I have been reading Algebra Chapter $0$ by Aluffi and I'm struggling to understand the following:
First, the author proves the lemma:
Let $f(x)$ be a monic polynomial, and assume
$$f(x)q_1(x)+r_1(x)=f(x)q_2(x)+r_2(x)$$
with both $r_1(x)$ and $r_2(x)$ polynomials of degree $< \deg f(x)$. Then $q_1(x) = q2(x)$ and $r_1(x) = r_2(x).$
Then it is claimed that this lemma can be summarised as follows:
Assume then that $R$ is a commutative ring. If $f(x)$ is monic then for every $g(x)\in R$ there exists a unique polynomial $r(x)$ of degree $<\deg f(x)$ and such that
$$g(x)+(f(x))=r(x)+(f(x))$$
as cosets of principal ideal $(f(x))$ in $R[x]$.

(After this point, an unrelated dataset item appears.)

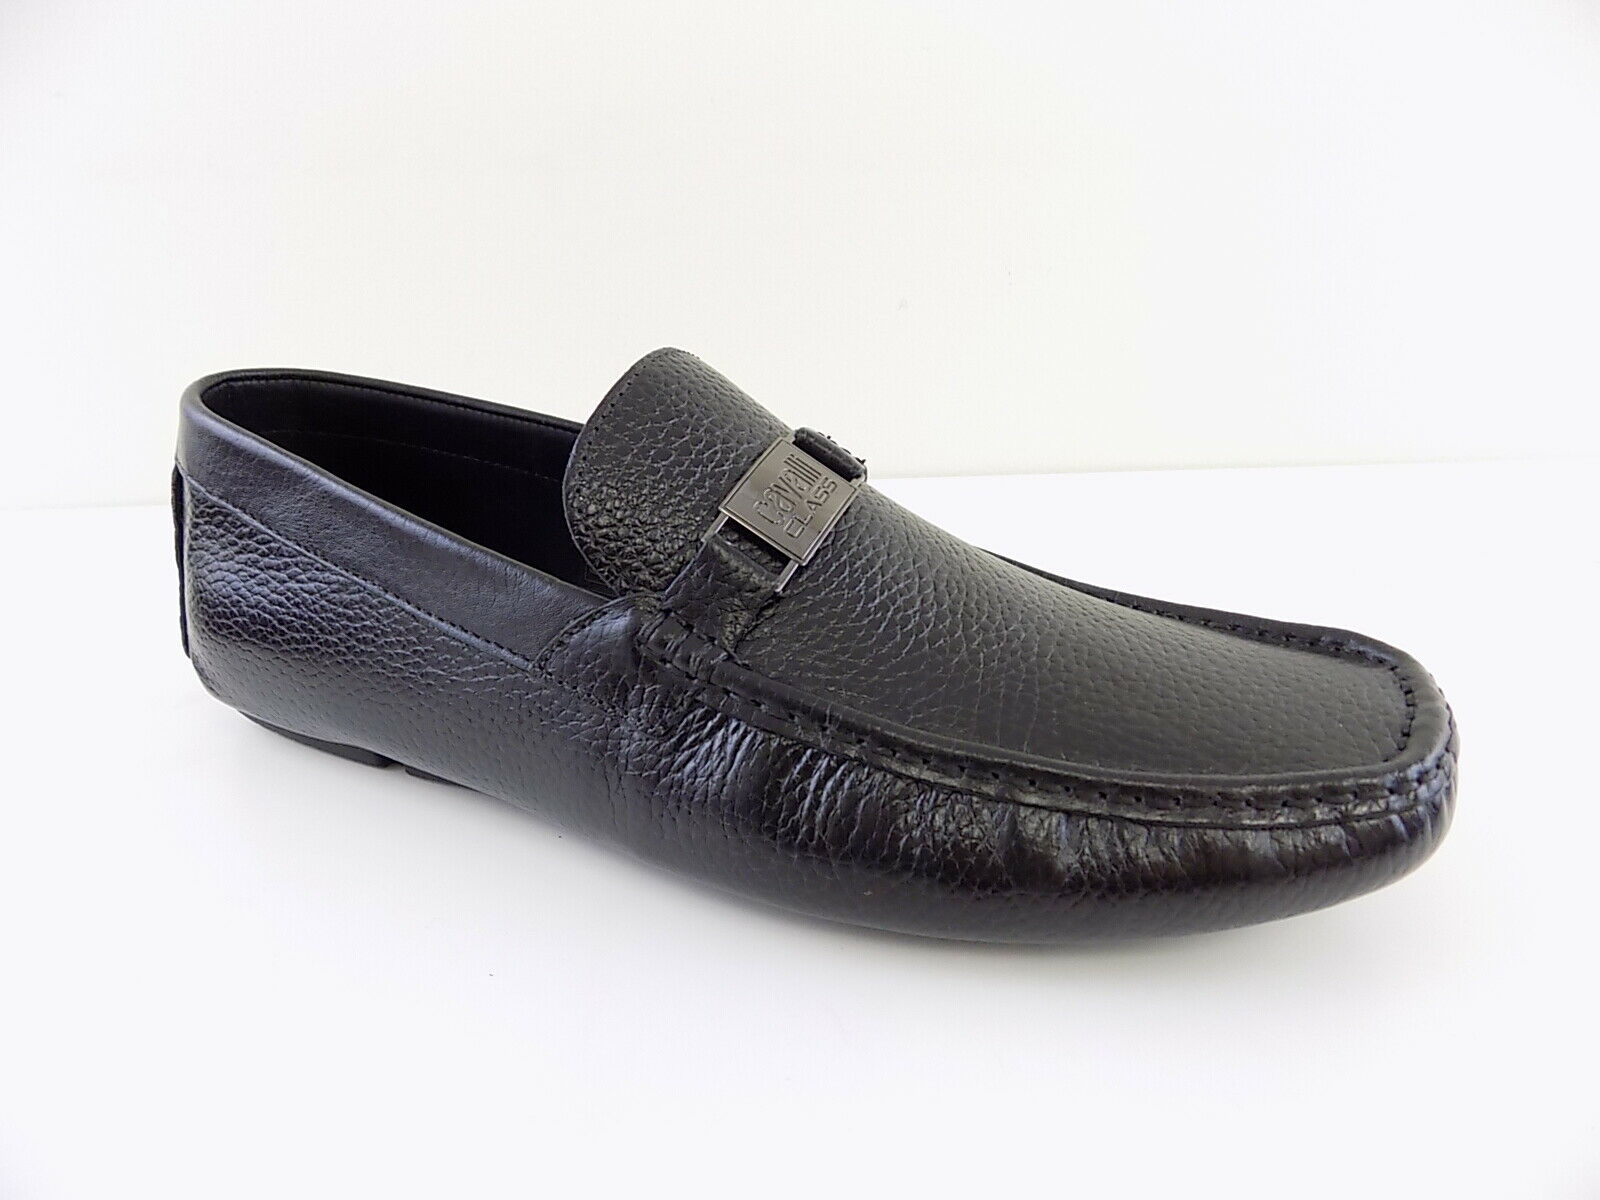 ROBERTO CAVALLI  430  Black MEN SZ 12(45)M Loafers & Slip Ons PEBBLED shoes D16

How can I see that the latter statement follows from the lemma?
Thanks
Best Answer
$f(x)q_1(x)+r_1(x)=f(x)q_2(x)+r_2(x)\implies r_1(x)-r_2(x)=f(x)(q_2(x)-q_1(x))\implies $ degree of $r_1(x)-r_2(x)$ is atleast equal to degree of $f(x)$ as degree of $r_1(x) $ is either less than that of $f(x) $ or $r_1(x)=0$ . Similarly for $r_2$.
So we must have $r_1(x)-r_2(x)=0$ whence by the equality above, it follows that $q_1(x)=q_2(x)$